Abstract

The cardiovascular responses to transient intrathecal administration of dopamine agonists were studied daily in chronically prepared rats that had been spinally transected or were sham operated. The goals were (1) to determine the group differences in evoked heart rate and arterial pressure responses and (2) to determine, within the transected group, whether or not the long term responses could be dissociated. The hypothesis tested is that cord transection releases a tonic inhibition of cardiovascular responsiveness independently of the mechanism of receptor hypersensitivity. Changes in mean aortic blood pressure and heart rate induced by intrathecal administration of the mixed D1/D2 dopamine receptor agonist apomorphine (150 nmol per rat) were measured in conscious rats during a 10 d experimental period following spinal transection. Complete spinal transection did not affect aortic pressure but increased basal heart rate values by about 33% with respect to normal rats (p < 0.001). When apomorphine was injected caudally to the section (at T9-T10) but not rostrally (at T2-T4), it induced a 50% greater and an 800% more long lasting decrease in mean aortic pressure and a 230% greater and 70% more long lasting decrease in heart rate in spinal than in sham operated rats.
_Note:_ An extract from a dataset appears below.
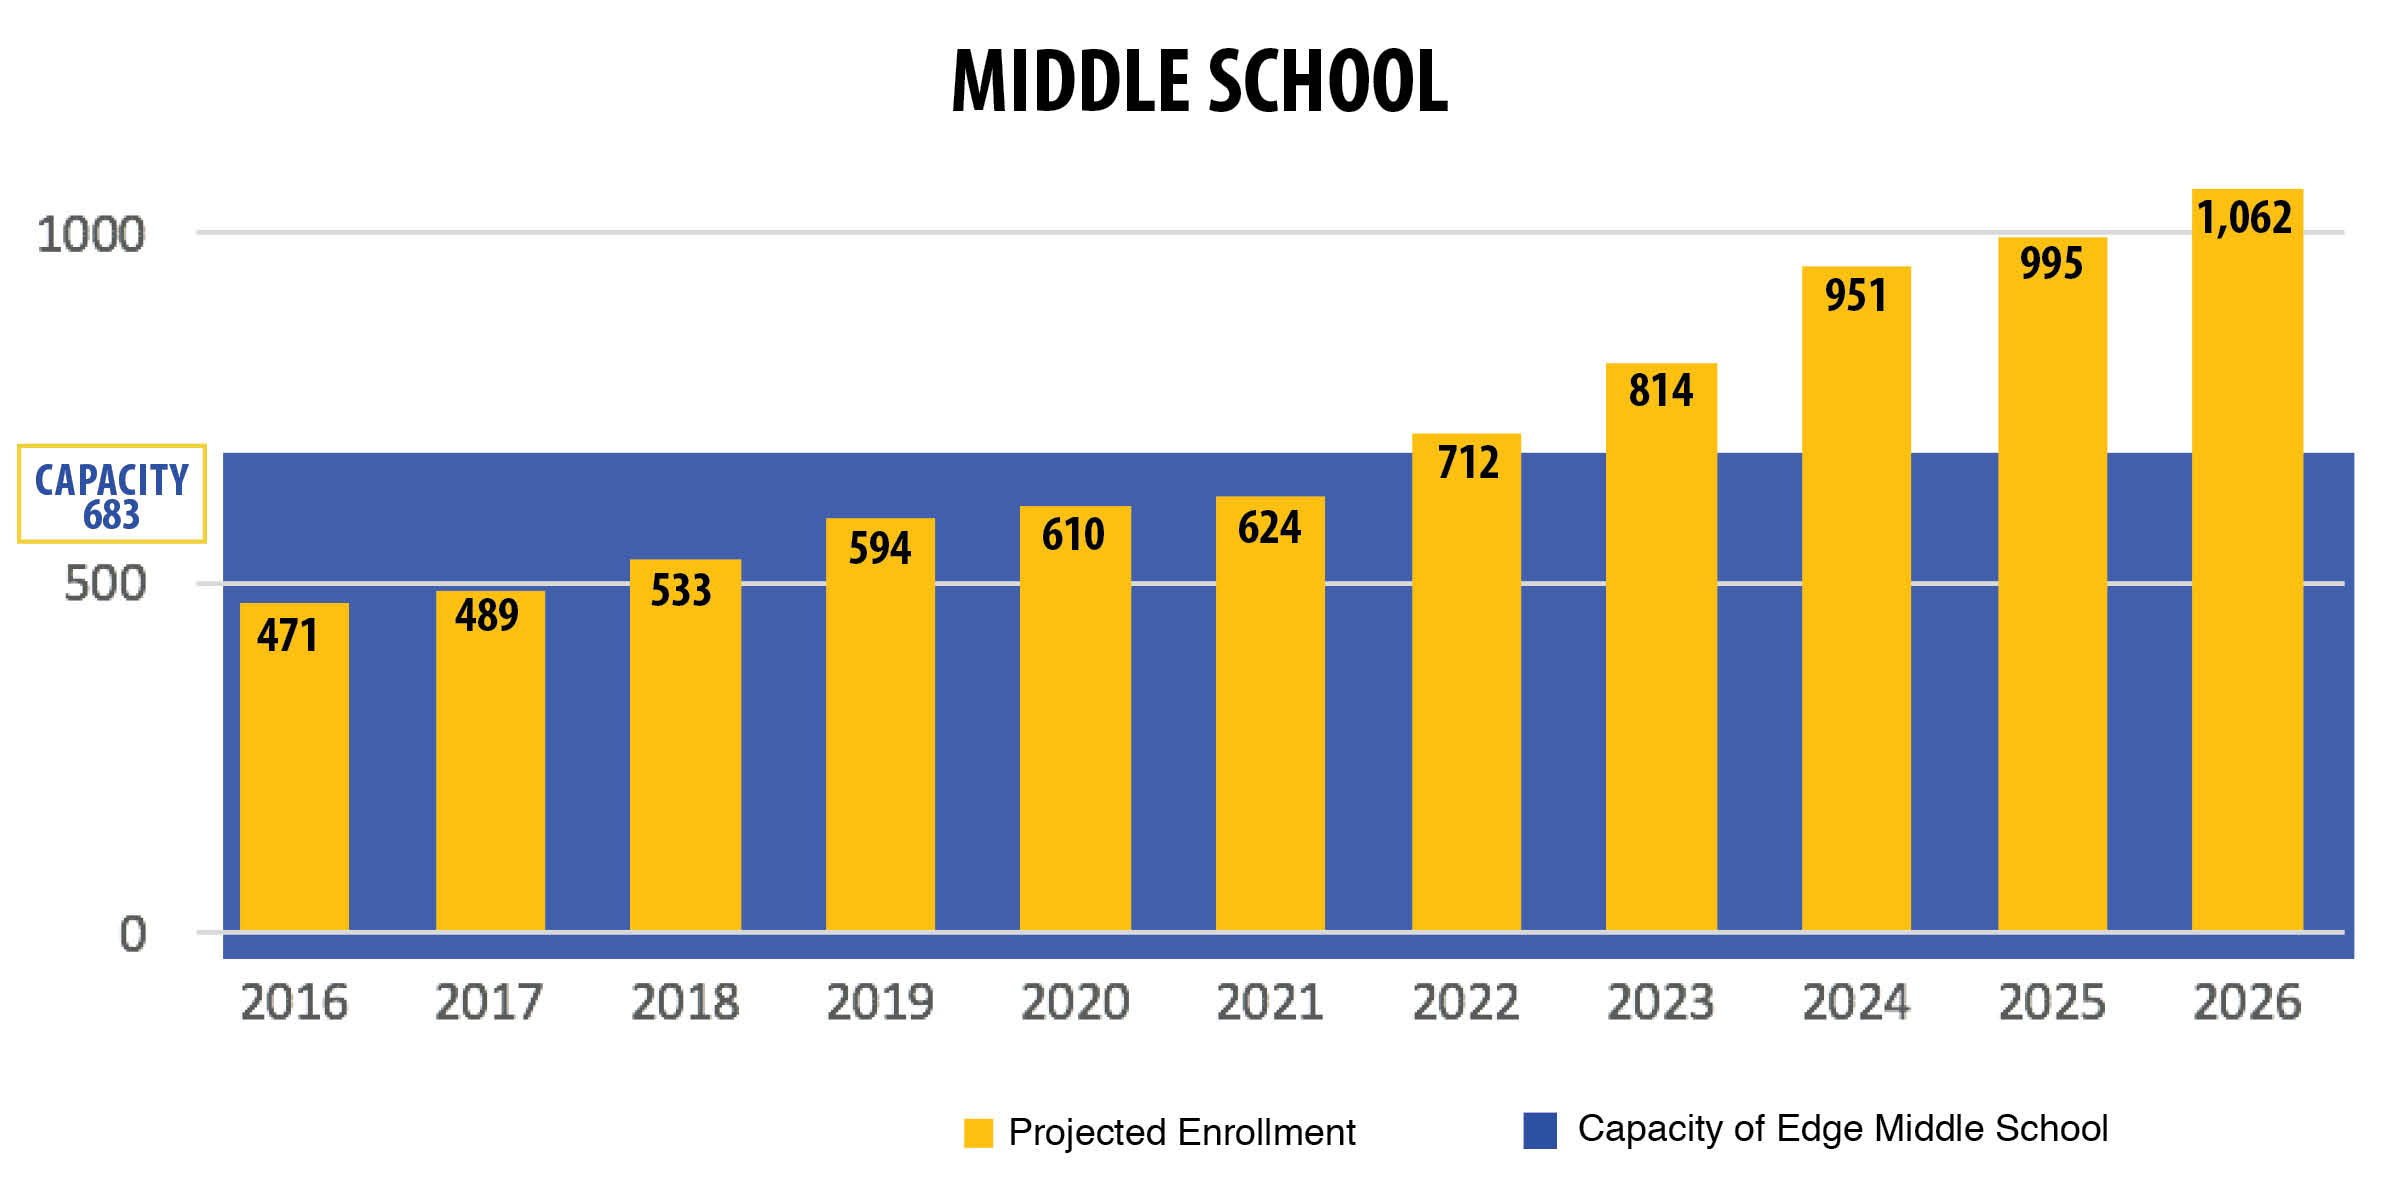 Middle School Capacity Bar Chart.jpg

These increases in cardiovascular responses were corroborated by a leftward shift of the apomorphine dose-response curves. They were also found after intrathecal administration of highly selective D1 and D2 receptor agonists fenoldopam (50 nmol per rat) and quinpirole (150 nmol per rat), and were specifically blocked by intrathecal haloperidol (27 nmol per rat), a non-selective dopamine antagonist. Complete spinal transection induces different increases in hypotensive and bradycardic responses to the stimulation of caudally located spinal dopamine receptors which could be due to the destruction of a tonically inhibiting spinal system rather than to hypersensitivity of the dopamine receptors.